The experiences of former European settlers of colonial Algeria will be the focus of a new online course launched by the University of Stirling.

Through a mixture of archive footage, extracts from literary and journalistic texts, the “Remembering Empire” course will explore what can be learned from the settlers’ surprising stories.

Algeria was a French settler colony from 1830 to 1962. However, following the violent conclusion to an eight-year long struggle for Algerian Independence, nearly one million settlers left in a few months.

Example of French-Algerian architecture

Although technically French, for many of them, France – the ‘mother-country’ – was a foreign land. Since then, some settler activist groups have campaigned to be recognised as victims of decolonisation, rather than as perpetrators of an oppressive and racist colonial system.

Course leader Dr Fiona Barclay, Senior Lecturer in French at Stirling, said: “This story is little known in the English-speaking world but is actually an excellent case study for understanding the role of colonial memory in our own troubled times.
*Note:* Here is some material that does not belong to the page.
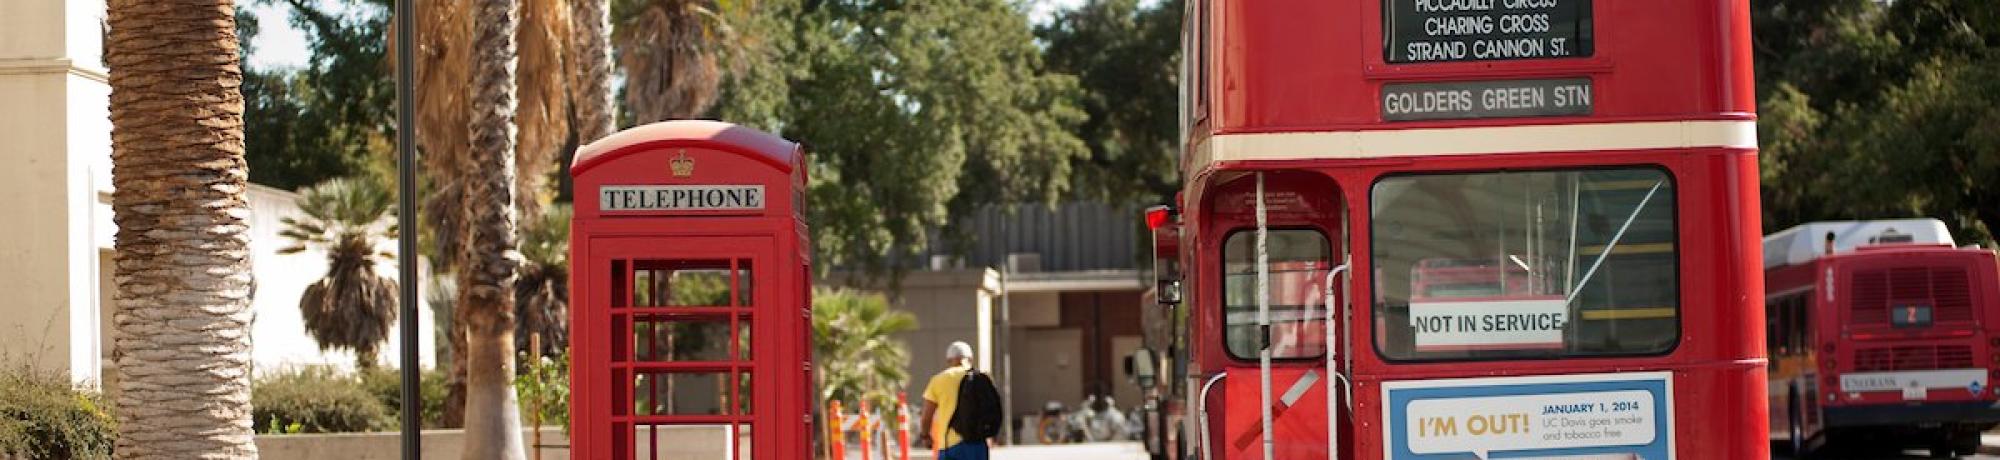 Red telephone booth and red double-decker bus

With the rise of nationalism, evidence by Brexit in the UK and Trump in the USA, the memory of imperial pasts are called on by populist movements as proof of potential future glory.

“Investigating how the French settlers of Algeria remember themselves and their history in colonial Algeria can shed lights how myths about colonialism are shaped and why they might not tell us the whole story. “

Settlers leaving in 1962 “Does France still love us?” (Paris-Match no. 686, 2 June 1962)

Settlers leaving in 1962 “Does France still love us?” (Paris-Match no. 686, 2 June 1962)

The “Remembering Empire” course  features five sessions that take students on a step-by-step journey through the different stories crafted by the former French settlers; from their early years as ‘pioneers’, to the ‘coloniser’ myth of a harmonious, fraternal society, to their experiences as ‘refugees’ fleeing Algeria. Each week, it will also make links to the memory of British colonialism, such as Scottish settlers in other colonies around the world.

The course will launch on 17 October and run for five weeks. It is free and open to anyone with an interest in collective memory, colonialism and migration.

Dr Barclay, whose article was published by The Conversation yesterday, added: “The course will be especially useful for educators and professionals in museums or the heritage sector.”